At this point in time in the lesson the students have been directed by the music (when to practice and when to rotate to the next station), and have been engaged in motor learning tasks for 20-25-minutes which also represents a very similar amount of MVPA. The teacher during this time has been free to correct errors, provide modifications for students having difficulty, and to motivate her students. At this point in the lesson the teacher introduces a new skill to the students and they practice this one skill as a group. The teacher tells her class that the next time they come to class this is the skill she wants them to practice at station 5. This new task replaces the task they have previously been doing there.
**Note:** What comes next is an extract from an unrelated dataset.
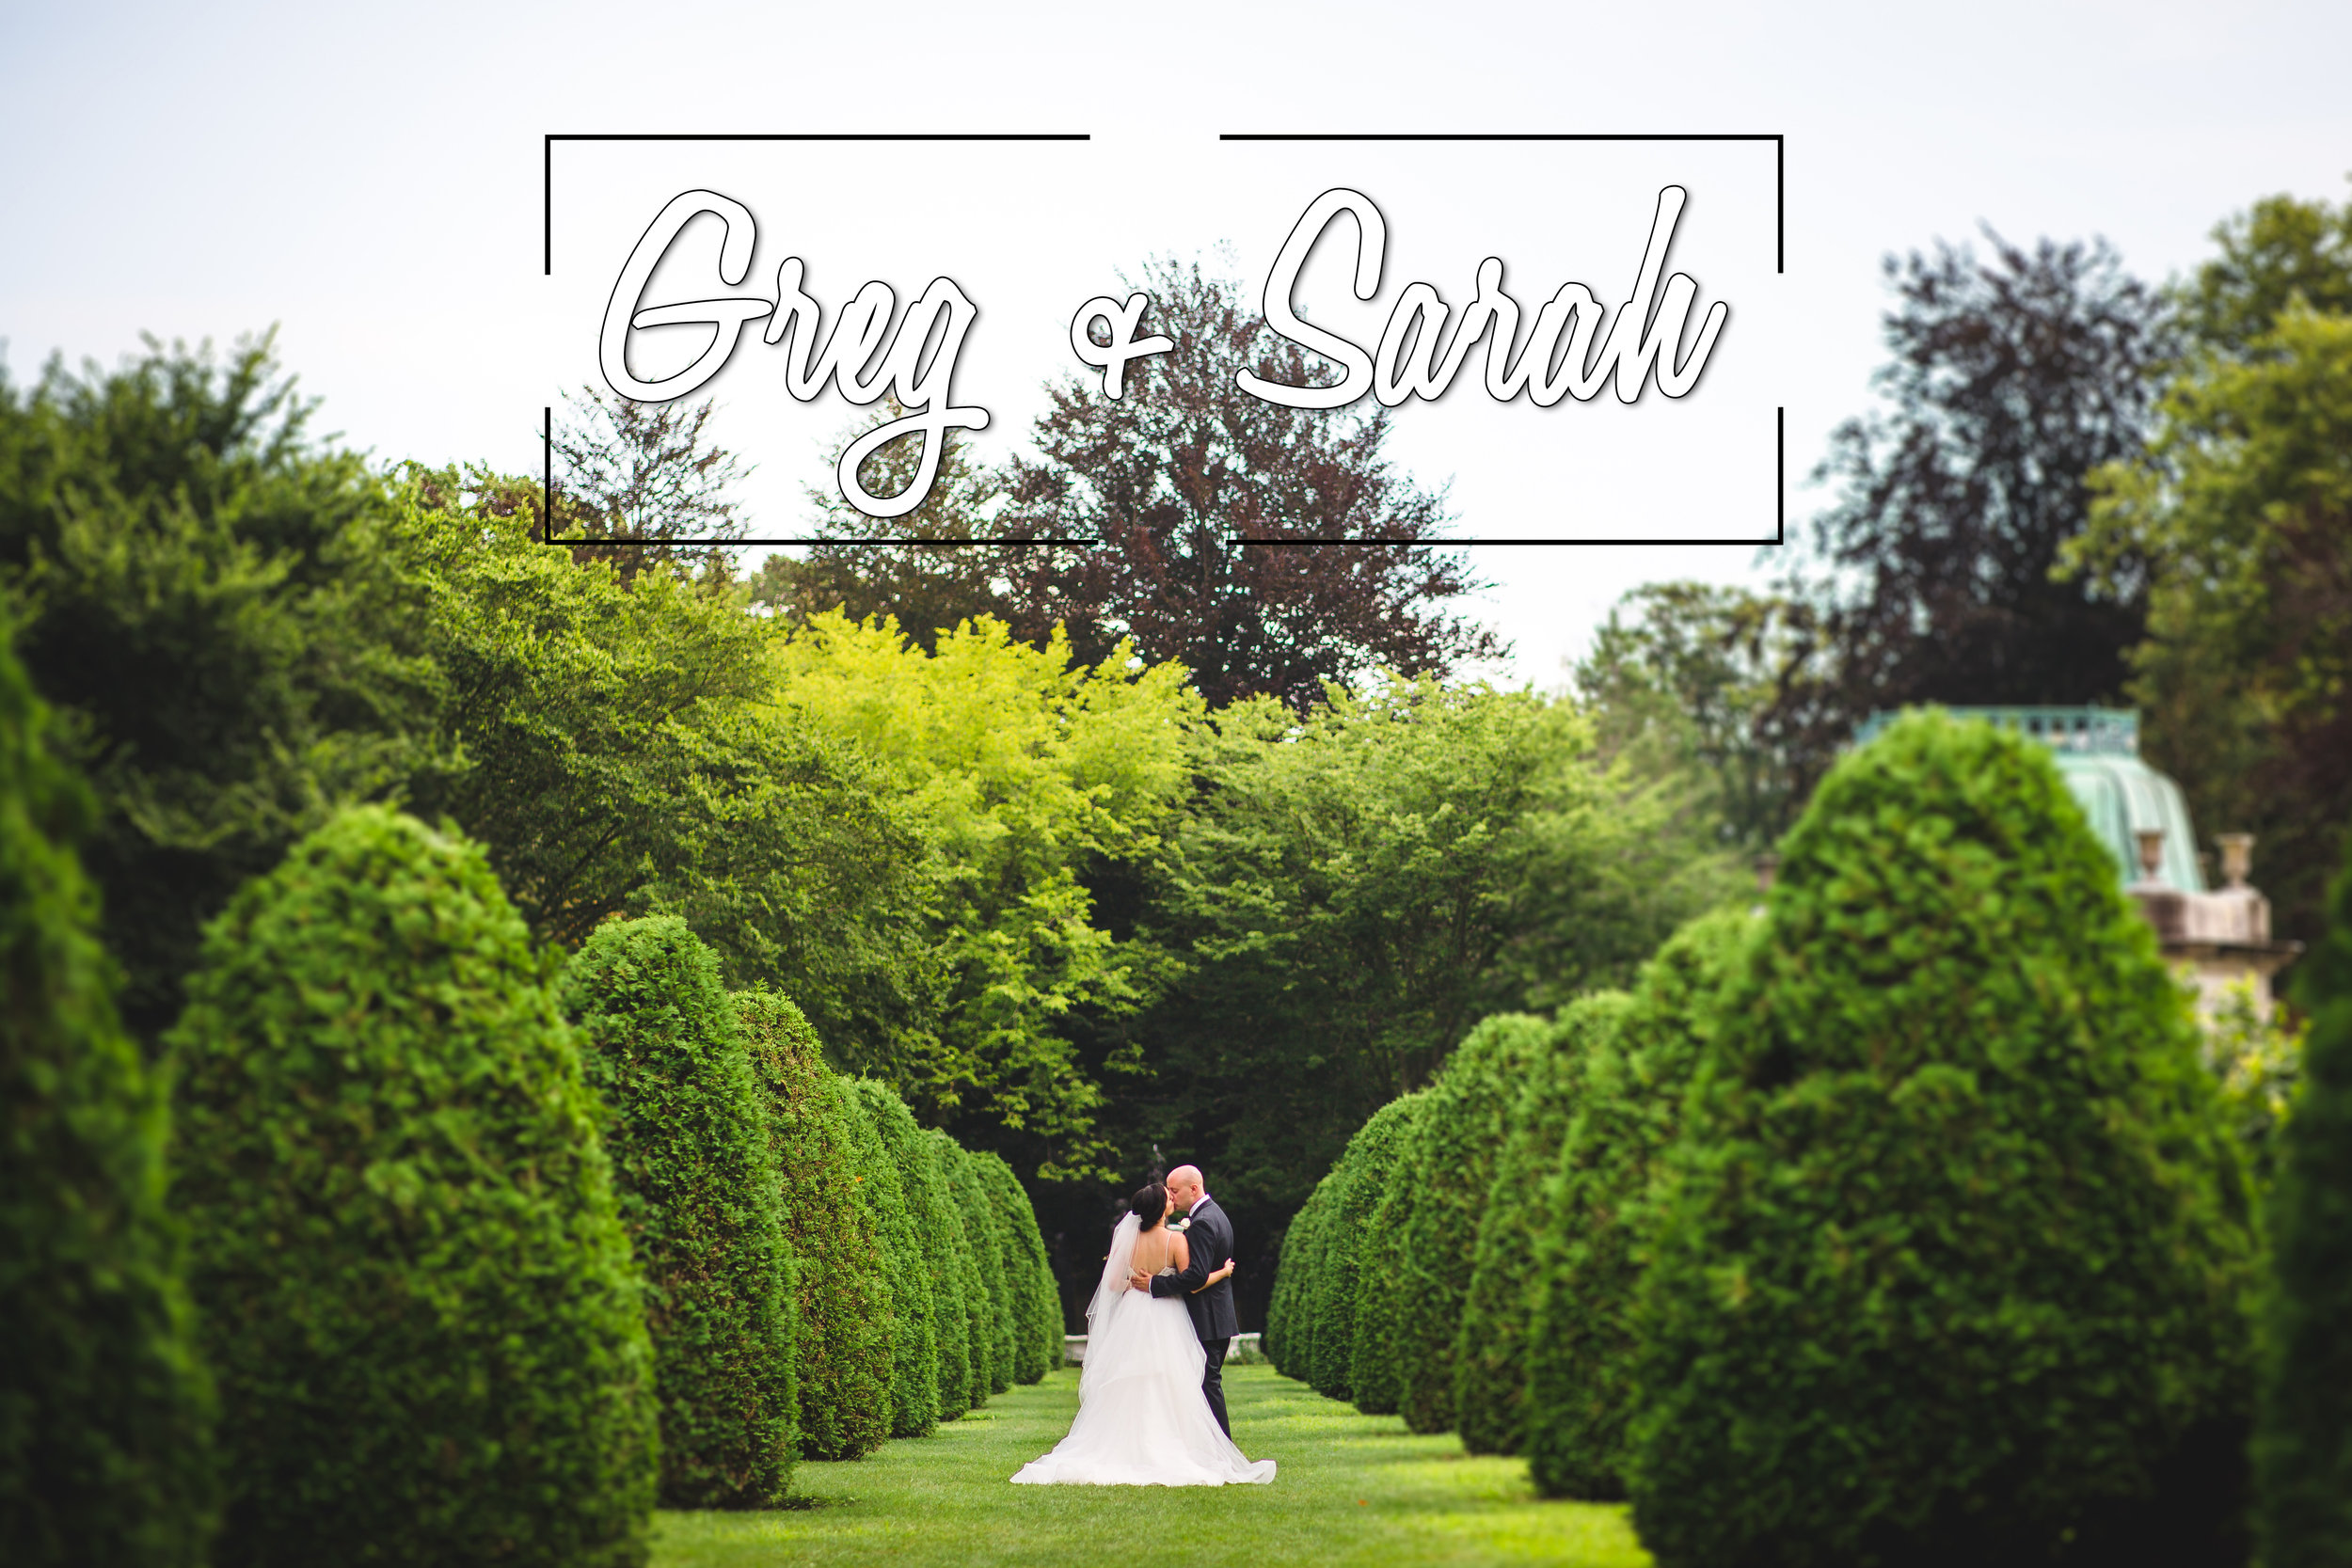 467-Greg&Sarah_BLOGcouplessession-9U6A0775.jpg

Scenario 2: In many middle and high schools, up to 20% of a lesson can be lost in the first transition from locker room to the gym. Consider a common place event in physical education where the lesson begins, but the time to change is in excess of 8 minutes and then the students gather in pre-assigned locations and the teacher takes attendance. The lesson has been occurring for 13-18 minutes at this point. This 13-18 minutes could have been used differently. One alternative to this could be to place students in teams and give each team 4-5 minutes to change and be out on the gym floor. At that this point, each team begins warm-up without direction from the teacher. They have their own preassigned area to warm up in.
Both of these scenarios reflect significant but not difficult changes in pedagogy. Several decades of studies show that a teacher can be taught these changes on a Monday and make immediate changes on Tuesday. Fixing weaknesses in teaching pedagogy is doable!
A Plea for Greater Professionalism
Teaching well is hard and challenging work but it’s also very rewarding. It’s the reason why we entered the profession. I understand that workplace conditions that include large class sizes, infrequent contact with students per week, and often marginal status in schools can be frustrating and demoralizing. But several years ago I came across a multi-year investigation into teacher reform. A major finding was that teachers who do what I call “Tinkering,” that is making small changes in their teaching, are the teachers who find their jobs most rewarding and who make the most difference in student learning.
I want to close with a final hard truth and a plea. I recognize that readers of this essay are likely not the main group of physical education teachers who should be reading this. But nonetheless, I encourage all of us to act more professionally. By this I mean we need to tinker with our teaching, actively seek out meaningful professional development, and follow up for example, with the recommendations made in this essay about investigating Play Practice and Sport Education. I say this because I don’t believe anyone else is going to do it for us- at least on a consistent basis and if not us, then who? I have always believed that the investment in teachers is the best single reform outcome for education. My plea is for teachers to invest in themselves.
References
Launder, A., & Piltz, W. (2013). Play Practice. (2nd ed). Champaign, IL: Human Kinetics.
McKenzie, T. L., Sallis, J. F., Patterson, T. L., Elder, J. P., Berry, C. C., Rupp, J. W., Atkins, C. J., Buono, M. J., & Nader, P. R. (1991). BEACHES: An observational system for assessing children’s eating and physical activity behaviors and associated events. Journal of Applied Behavior Analysis, 24, 141-151.
Siedentop, D. (1980). Physical Education: Introductory analysis. 3rd. Ed. Dubuque, IA: W. C. Brown.
Siedentop, D., P. Hastie, & van der Mars, H. (2011). Complete guide to sport education. Champaign, IL: Human Kinetics.